В безразличном свете утра казалось ясно: меня повесят. И маму тоже. Вчера мы еще спорили: что делать? Она могла не согласиться, не пойти. Сегодня уже поздно.

Не поворачиваясь ко мне, она сказала:

— Вставай. Пора.

Вот и все. Как приговор. Во сне ты ворочался и метался. Все еще надеялся, что проснешься — и ничего не будет: ни этого утра, ни необходимости идти куда-то, ни вообще оккупации. Надеялся, что вдруг все вокруг изменится и обернется игрой. Как раньше, когда про войну ты читал в книгах и смотрел кино. И вместе с теми, на экране, испытывал подъем духа, азарт, воодушевление! Сегодня ничего этого в тебе нет. Почему? Ты не такой, как полагается быть настоящим героям? А может, утром они тоже не хотели вставать и тоже видели страшные сны! Кто может знать, что было у них в мыслях? И наверное, им так же хотелось спать. И, видимо, нет иного выхода, чем деловитое спокойствие, с которым мама говорит:

— Костюм в шкафу…

Все, что она произносит, прежде чем мы уйдем из дома, и, быть может, навсегда. Я непослушными руками ищу костюм. Он под тряпьем. Все, что у нас осталось, — ни на что не годное барахло. А под ним — новенький костюм… Быть может, так же все происходит и с мыслями: настоящие, самые главные, где-то под «барахлом». И словно «оттуда», из глубины, я смотрю на то, что происходит со мной. Интересно, так ли было с теми? Вот мама. Я знал, как она не хотела ввязываться!.. Как она говорила: «Жизнь научила меня быть осторожной». Она и сейчас старается «соблюсти осторожность», когда говорит:

— Тронулись.

О чем она думает? Все просто: о том, чтобы не опоздать!

Я с отвращением дожевываю черствые корки, последние из тех, которые принесла мать из госпиталя. Варенье, которым когда-то поливали этот сухой кусок хлеба, впиталось, и только если с силой провести по куску языком, казалось, можно ощутить немного сладости. Но сладости не было.

— Запирай дверь как следует.

Она еще надеется вернуться, говорит эти слова так, как будто мы с ней уходим в гости! Я смотрю на нашу ободранную дверь, на обрывки черного дерматина, из-под которого выглядывают клочья ваты, и думаю, что эту вату нужно было использовать для одеяла: все равно пропадет! Мне очень жаль себя, и мама, понимая это, берет мою руку к себе под мышку.

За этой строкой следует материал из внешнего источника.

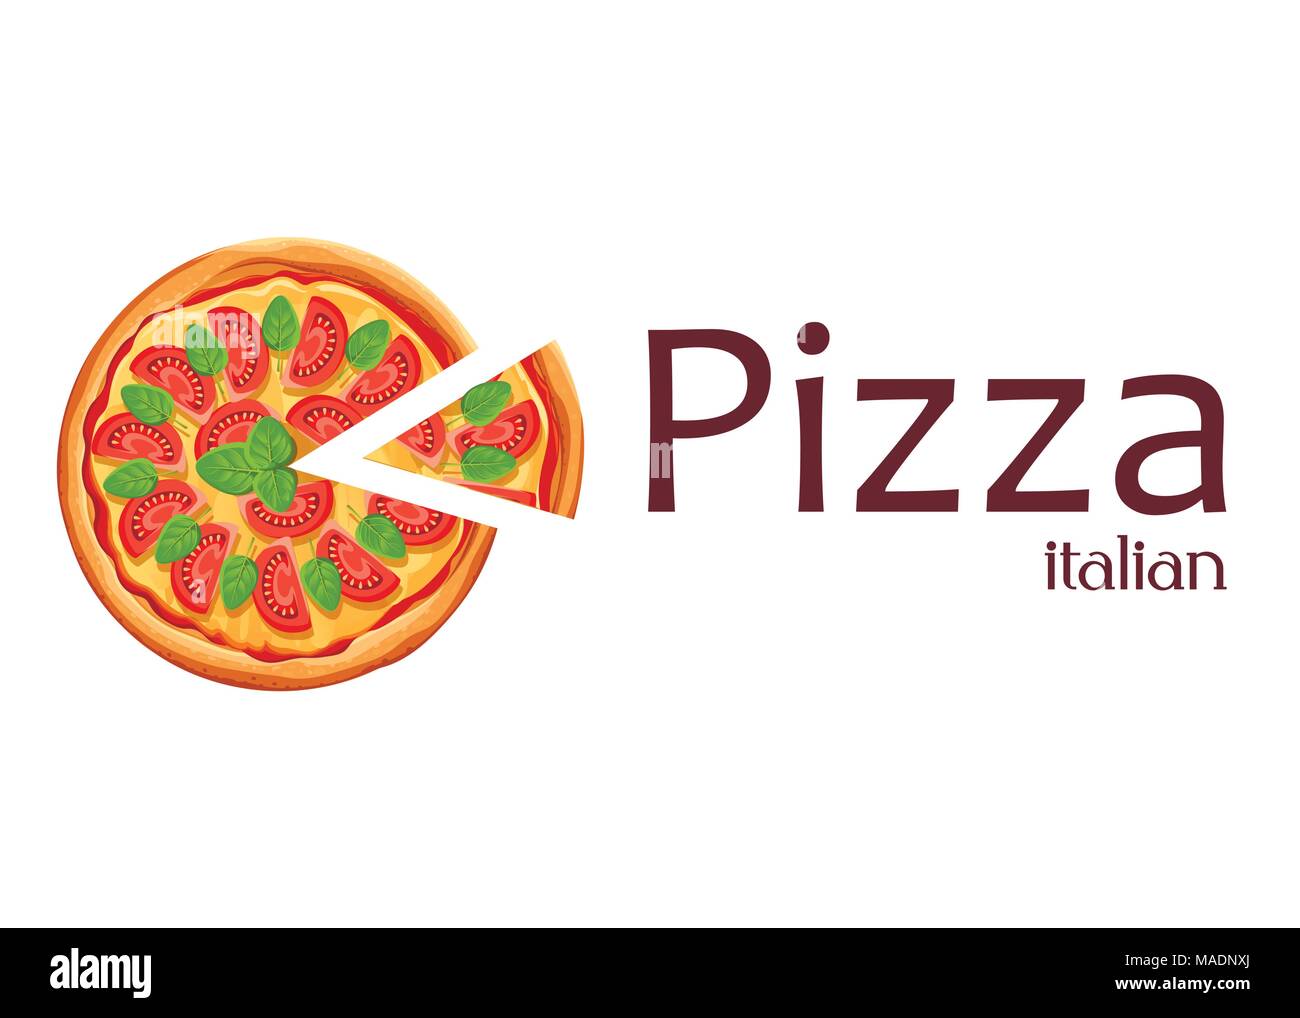 Pizza con slice. Margherita pizza con tomate, queso y orégano. Póster para diseño, restaurante, cafetería, pizzería. Ilustración vectorial aislada con Ilustración del Vector

Она ведет меня рядом с собой, и я начинаю ощущать себя ее кавалером… И когда мы идем мимо гостиницы «Националь», мне хочется показать матери карандашные штрихи мастера, который жил давно-давно. До нас. И его нет. И нас не будет.

Но я ничего не говорю, только покрепче беру под руку свою маму — я веду ее как настоящий «лыцар». Мне даже хочется, чтобы мать поскользнулась на мосту, чуть-чуть, а я бы поддержал ее своею сильной рукой.

Мама не поскользнулась, она деловито ушла в двери госпиталя, я — в свою больницу.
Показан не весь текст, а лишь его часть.